Мы расстались. Свернув в переулок, я заметил человека, следовавшего в отдалении за Маратом. Это был верный Роше.
На душе у меня стало спокойнее.
Симонна встретила меня настороженно: она почуяла недоброе.
Прочитав записку Марата, она всплеснула руками:
— Боже, я догадывалась об этом… Сейчас ему только не доставало новых скитаний…
Я старался успокоить ее, напомнив, что такое Марату не впервые.
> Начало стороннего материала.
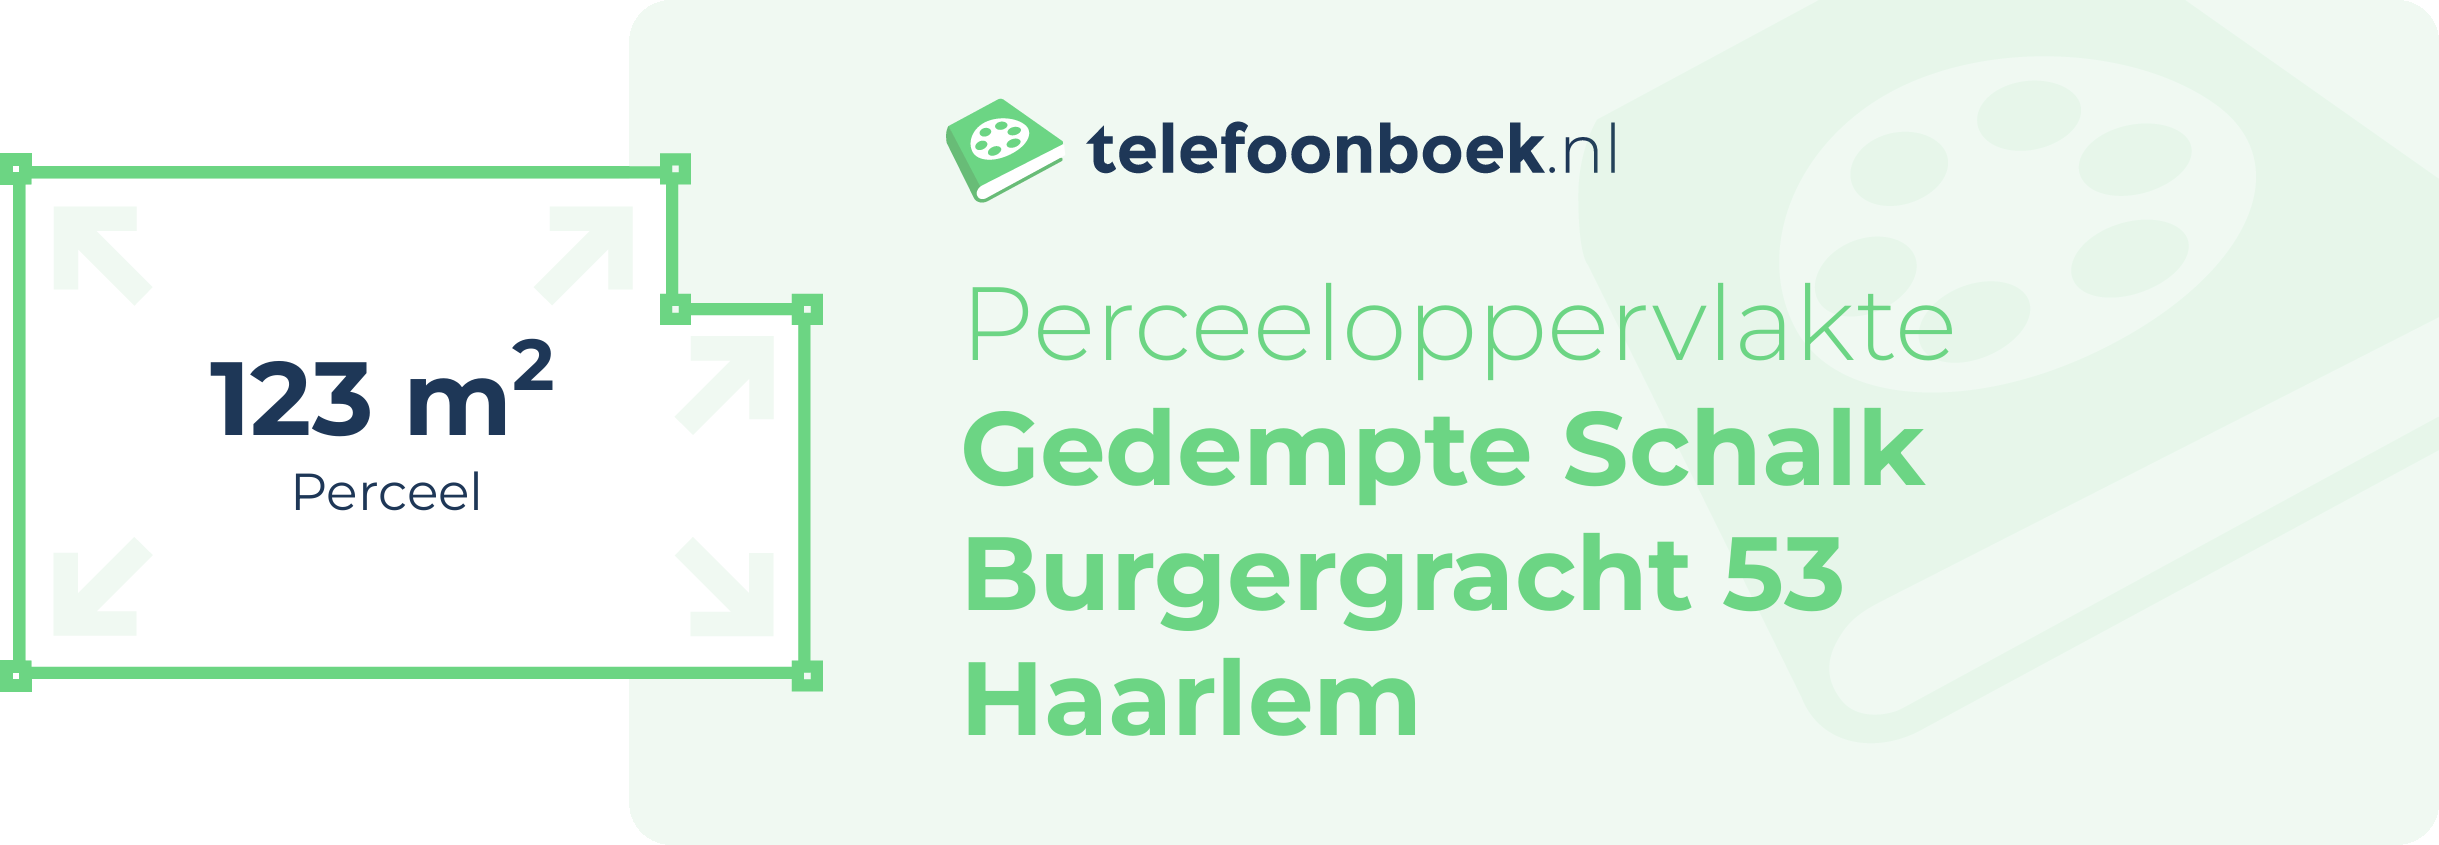 Perceeloppervlakte Gedempte Schalk Burgergracht 53 Haarlem
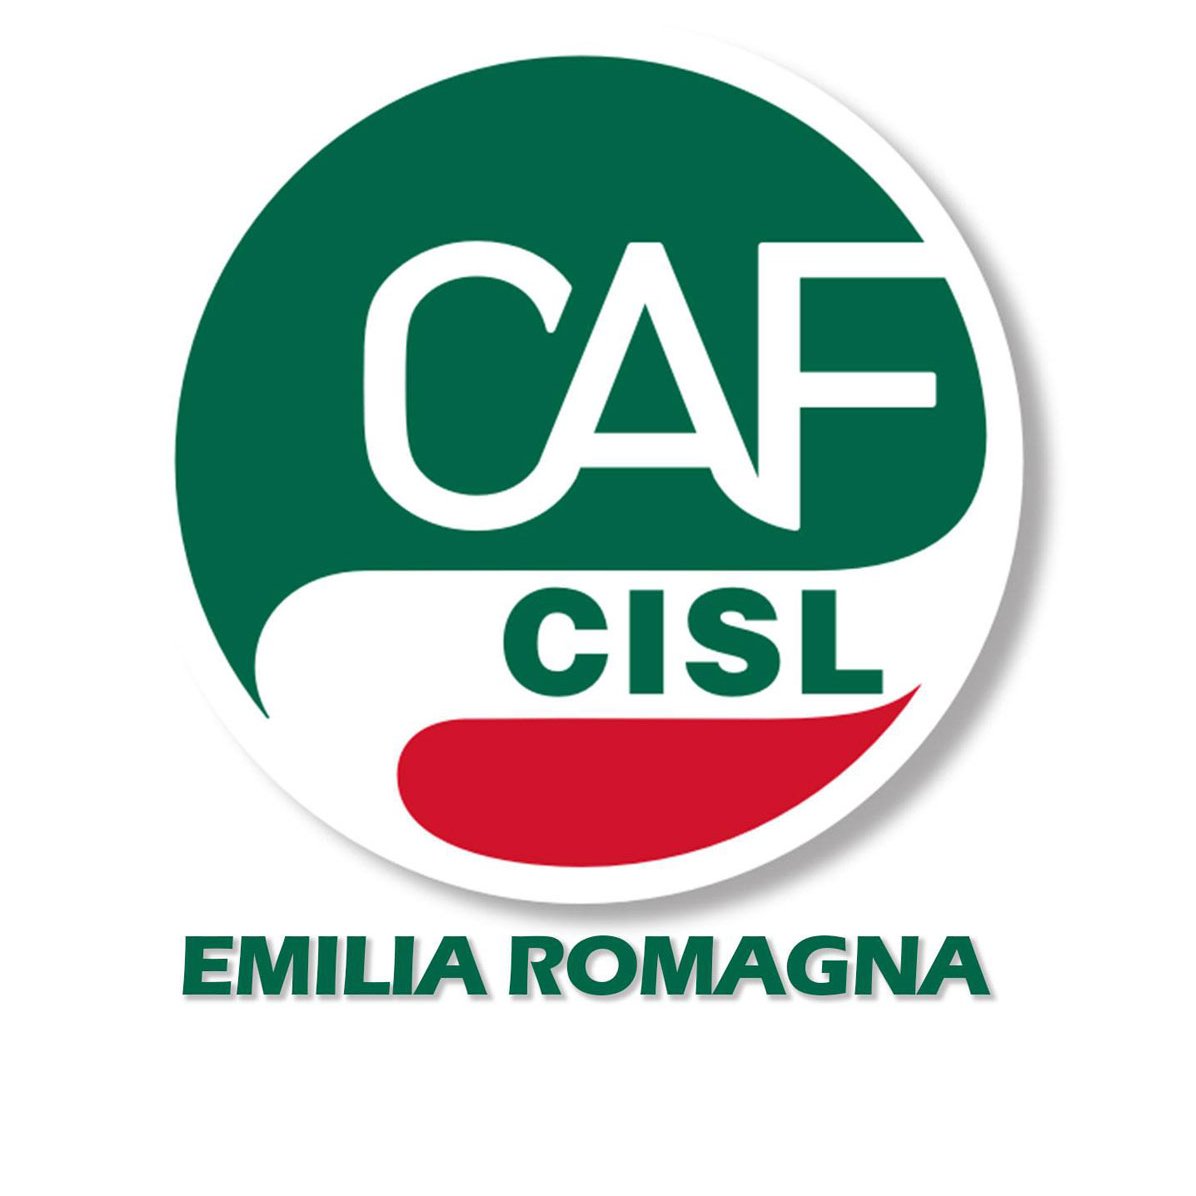 Il Caf Cisl fornisce assistenza e consulenza nel campo fiscale a cittadini, lavoratori e pensionati: un supporto personalizzato e qualificato.

— Уж кому не знать этого, как не мне, — рассеянно промолвила Симонна, — но ведь раньше было все по-иному…
Я выразил удивление, Симонна пристально посмотрела на меня:
— Он тебе ничего не говорил?
— О чем?
— Ну, значит, не говорил… — Она помедлила мгновенье и затем, продолжая смотреть мне в глаза, тихо сказала: — Ведь он очень болен, Жан…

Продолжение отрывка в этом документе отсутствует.